Btw, I hope fsstack doesn't rely on i_size having any particular
meaning.  As far as the VFS is concerned i_size is field only used by
the filesystem (or library routines like generic_file_*).


^ permalink raw reply	[flat|nested] 10+ messages in thread

* Re: [PATCH] fsstack: fsstack_copy_inode_size locking
  2008-06-29  7:15 ` Christoph Hellwig
@ 2008-06-29 11:56   ` Hugh Dickins
  2008-06-30 18:19     ` Erez Zadok
  0 siblings, 1 reply; 10+ messages in thread
From: Hugh Dickins @ 2008-06-29 11:56 UTC (permalink / raw)
  To: Christoph Hellwig
  Cc: Erez Zadok, Andrew Morton, mhalcrow, hooanon05, viro,
	linux-fsdevel, linux-kernel

On Sun, 29 Jun 2008, Christoph Hellwig wrote:
> 
> Btw, I hope fsstack doesn't rely on i_size having any particular
> meaning.  As far as the VFS is concerned i_size is field only used by
> the filesystem (or library routines like generic_file_*).

Interesting point.  I can't speak for fsstack itself (I'm not even
sure if it's anything beyond fs/stack.c and the tag I used to identify
where this patch lies); but certainly fs/stack.c doesn't use i_size
for anything, just duplicates it from the lower filesystem.

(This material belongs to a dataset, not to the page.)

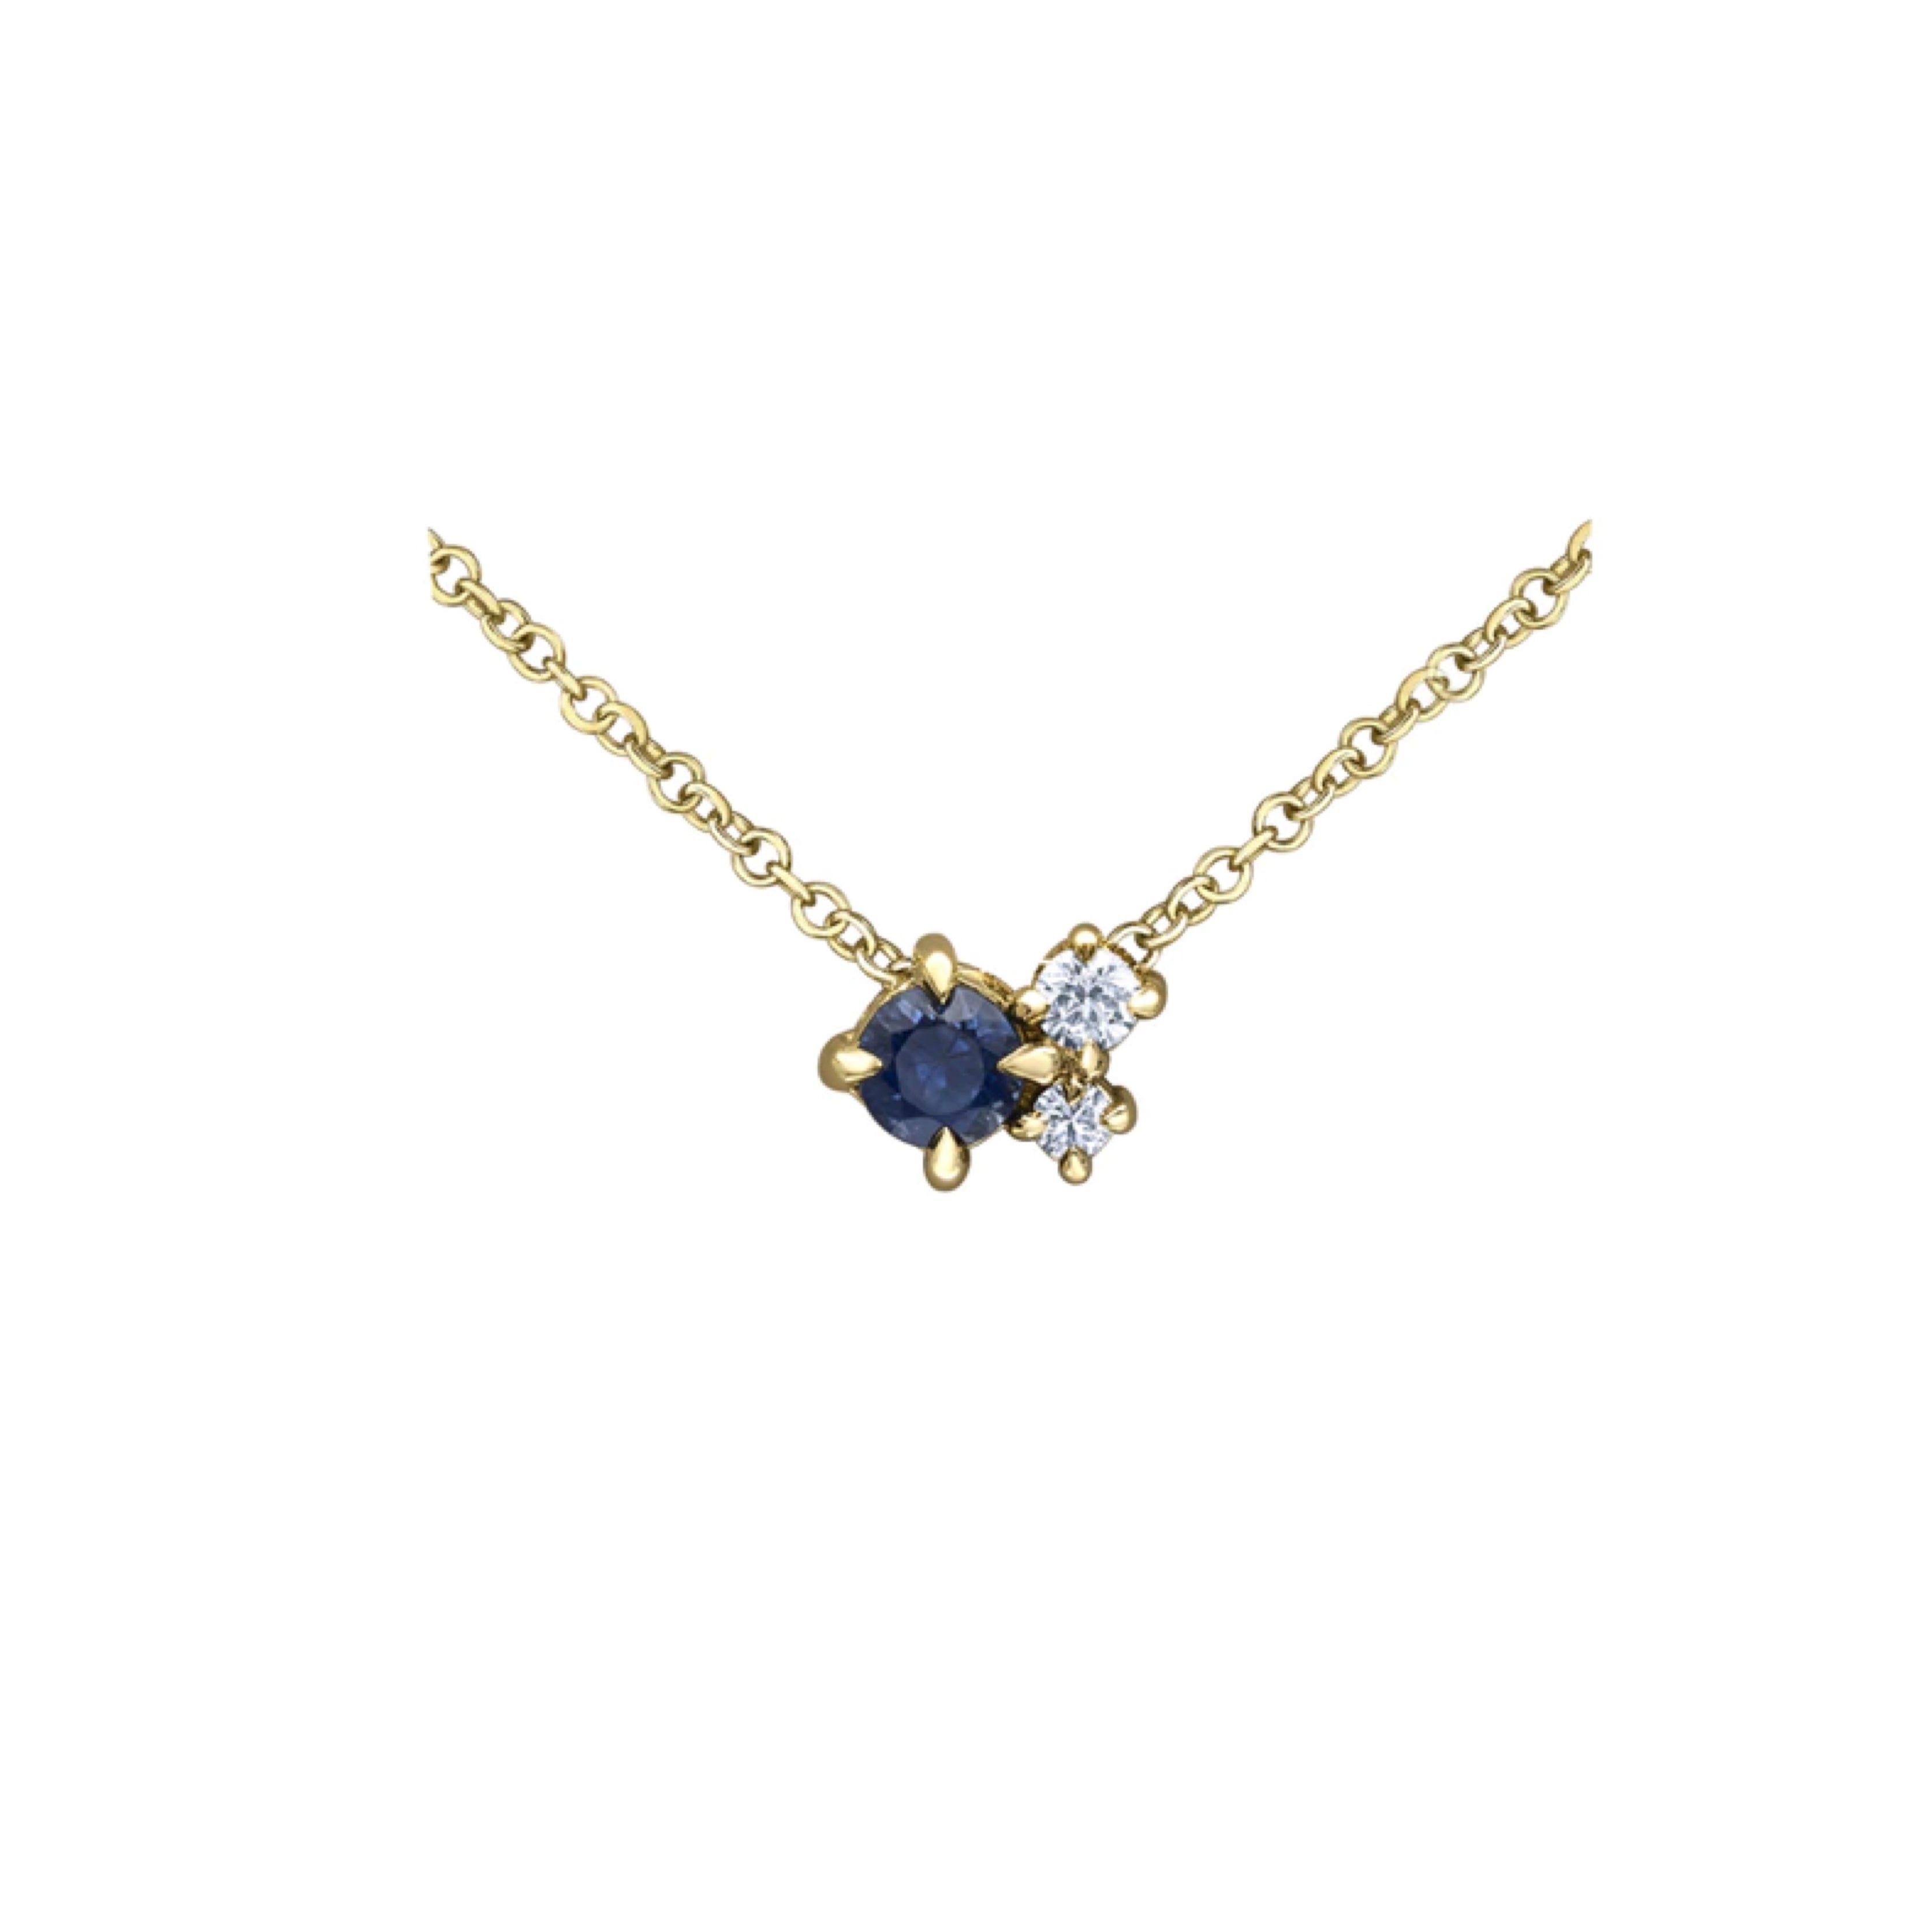 Crafted in yellow 14KT Canadian Certified Gold, this necklace features a sapphire and two round brilliant cut Canadian diamonds.

unionfs (which I think you don't care for at all in general) does
look as if it assumes it's the lower file size in a few places,
when copying up or truncating.  Isn't that reasonable?  Wouldn't
users make the same assumption?

Or are you saying that filesystems which don't support the usual
meaning of inode->i_size (leave it 0?) would supply their own
equivalent to vmtruncate() if they support truncation, and their
own getattr which fills in stat->size from somewhere else.

Yes, I think you are saying that: unionfs may not play well with them.

Hugh

^ permalink raw reply	[flat|nested] 10+ messages in thread

* Re: [PATCH] fsstack: fsstack_copy_inode_size locking
  2008-06-29  0:05 [PATCH] fsstack: fsstack_copy_inode_size locking Hugh Dickins
  2008-06-29  7:15 ` Christoph Hellwig
@ 2008-06-30  4:31 ` hooanon05
  2008-06-30 12:10   ` Hugh Dickins
  1 sibling, 1 reply; 10+ messages in thread
From: hooanon05 @ 2008-06-30  4:31 UTC (permalink / raw)
  To: Hugh Dickins
  Cc: Erez Zadok, Andrew Morton, mhalcrow, hch, viro, linux-fsdevel,
	linux-kernel


Hugh Dickins:
> LTP's iogen01 doio tests used to hang nicely on 32-bit SMP when /tmp was a
> unionfs mount of a tmpfs, i_size_read spinning forever, waiting for a lost
> seqcount update: fixed by taking i_lock around i_size_write when 32-bit SMP.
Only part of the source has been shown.